# Multiplication by Zero

If you made it through that last post and thought about it for a while, you might think that I pulled a fast one.

At a few places I commented that if x is any element of an arbitrary ring, then we know that x0 = 0.

That is a certainly a familiar fact about the integers. There we think of x times y as representing the number of objects in a rectangular array with x items along the length and y along the width. If either x or y is 0, then your array will contain nothing at all.

But things are less clear when you are working in an arbitrary ring. In this context “multiplication” is merely an operation that happens to satisfy certain rules. It doesn’t have to look anything like the familiar multiplication of integers.

The element 0, on the other hand, is defined solely in terms of addition. It is the unique ring element y with the property that x+y = x for all ring elements x. No mention of multiplication at all. And addition is itself merely a binary operation that happens to possess certain useful properties.

So why should it be true that an arbitrary ring element, multiplied by the additive identity element, always returns the addtive identity element back again?

The answer lies in the distributive property. In any ring, addition and multiplication are required to interact. With that in mind, watch how the trick is done.

Let x be an arbitrary ring element, and let 0 denote the additive identity element. Then:

x0   =   x(0+0)   =   x0+x0.

But we know that whatever ring element x0 happens to be, it must have an additive inverse. And when we add that additive inverse to both sides of our equation, we get:

x0-x0   =   x0+x0-x0,

which implies that x0 = 0, as desired.

So no matter how abstract your rings get, it will always be true that anything times zero is zero.

1. #1 Fred
December 11, 2006

Jeez, I just got addition by zero down, and now I’ve got to figure THIS out???

2. #2 Doormat
December 11, 2006

This maybe belongs below, but it’ll get read more here. Dr Anderson (does that remind anyone else of the matrix?) will respond On the BBC tomorrow. Should be fun.

He has his own website (always a bad sign). There are two papers dealing with this nonsense. The first seems okay to me, if rather trivial. The bit where he tries to explain how this is better than “NaN” is laughable however.

The second paper on Calculus shows some real problems though. On page 8 he claims, to much comedy, that

sin(x) = sqrt( 1^x – cos^2(x) )

for all “transreal” x. Really? Lets take x = 1.5*pi (pi=3.141592… as usual) a normal real, so

-1 = sin(1.5*pi) = sqrt( 1^x – 1 )

Now I guess he defines sqrt(y) as y^{1/2} which is defined as exp( 0.5*ln(y)) on page 5. Hence

-1 = exp( 0.5*ln(1^x-1) )

Oh dear! He defines exp(y) to be +ve or +infinity or Nullity. That is, never negative.

Sorry for being long winded: obviously the fool has forgotten that one needs to take +ve and -ve square roots, but it’s not a good sign frankly.

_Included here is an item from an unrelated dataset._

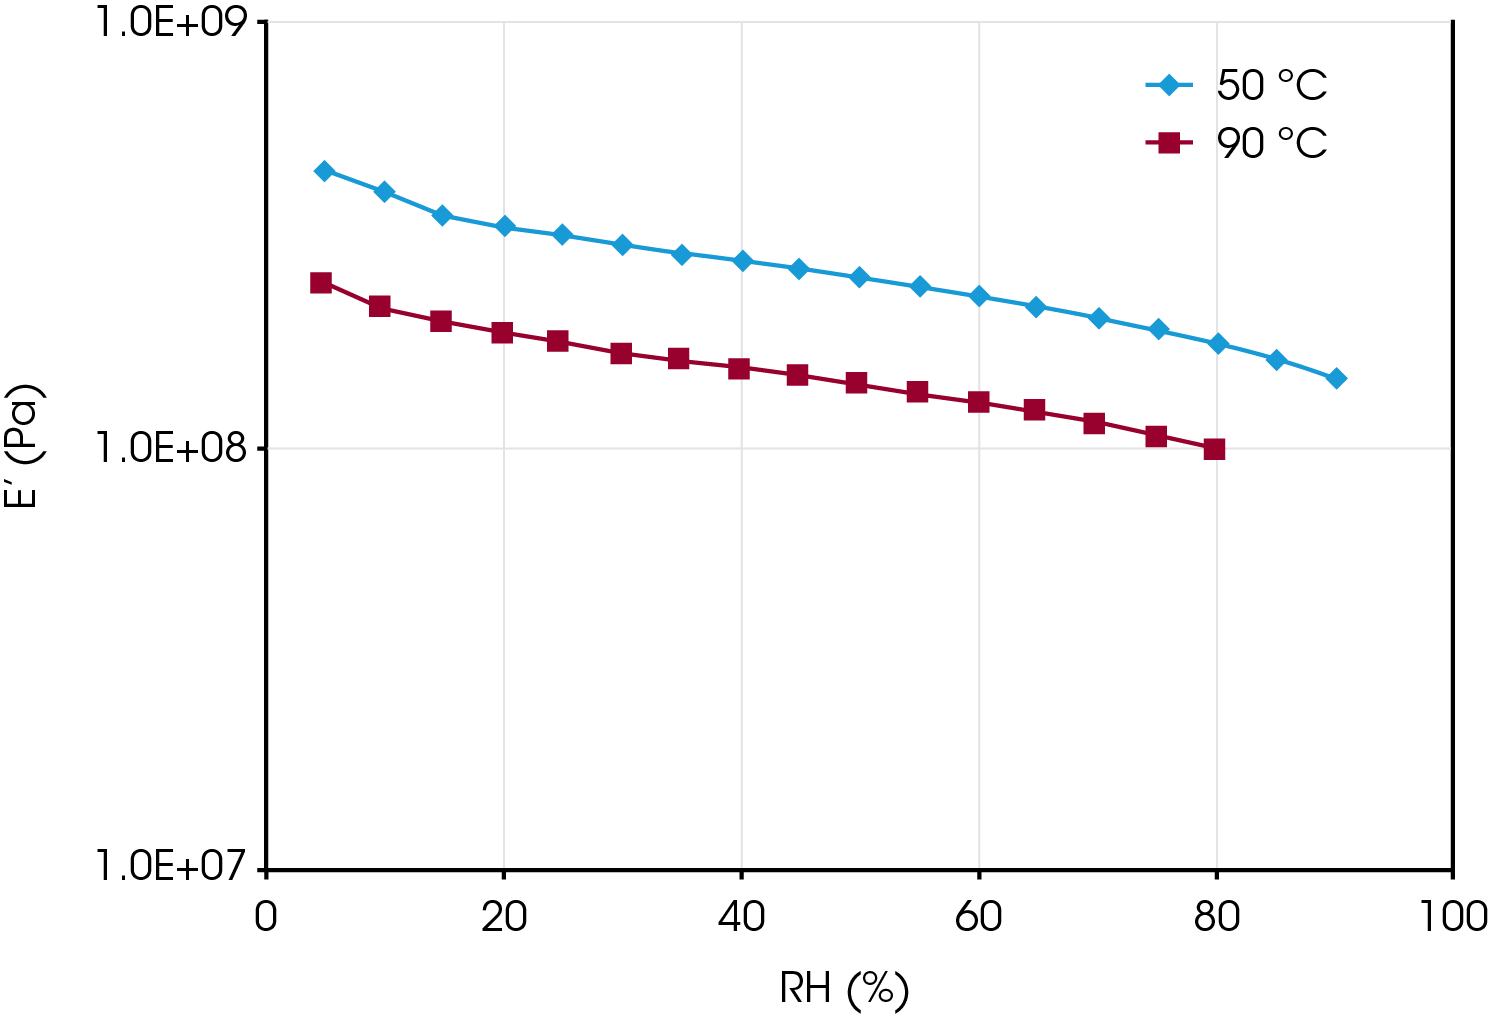 Figure 7. Dynamic mechanical tests of PFSA film. Monitoring the changes of storage modulus (E’) as a function of environmental humidity. Blue: 50 °C; and Red: 90 °C.

Section 6.2 is also more comedy. Take the function sin(x)/x. As an undergrad mathematician will know, this has a removable singularity at x=0. That is, sin(x)/x tends to 1 as x tends to zero from any direction in the complex plane (or just from +ve and -ve values of x, if you are happier with real numbers). If you draw it, you get a lovely smooth curve which gets close to 1 at x=0. Although sin(0)/0 isn’t technically defined, it’s obvious that it should be defined to be 1 at x=0. It’s called a “removable singularity” as, essentially, making this definition causes no problems.

Sadly Anderson wants to define sin(0)/0 to be Nullity, meaning that it becomes discontinuous at x=0. But draw the picture! Furthermore, all of the lovely theorems from complex analysis (Cauchy integral etc.) are now going to fail, whereas with sin(x)/x=1 at x=0 they work fine. I think most mathematicians would consider this to really be throwing the baby out with the bath-water. Dr Anderson is a joker; it’s a shame Reading is closing it’s physics department, and not sacking Anderson for being a joker.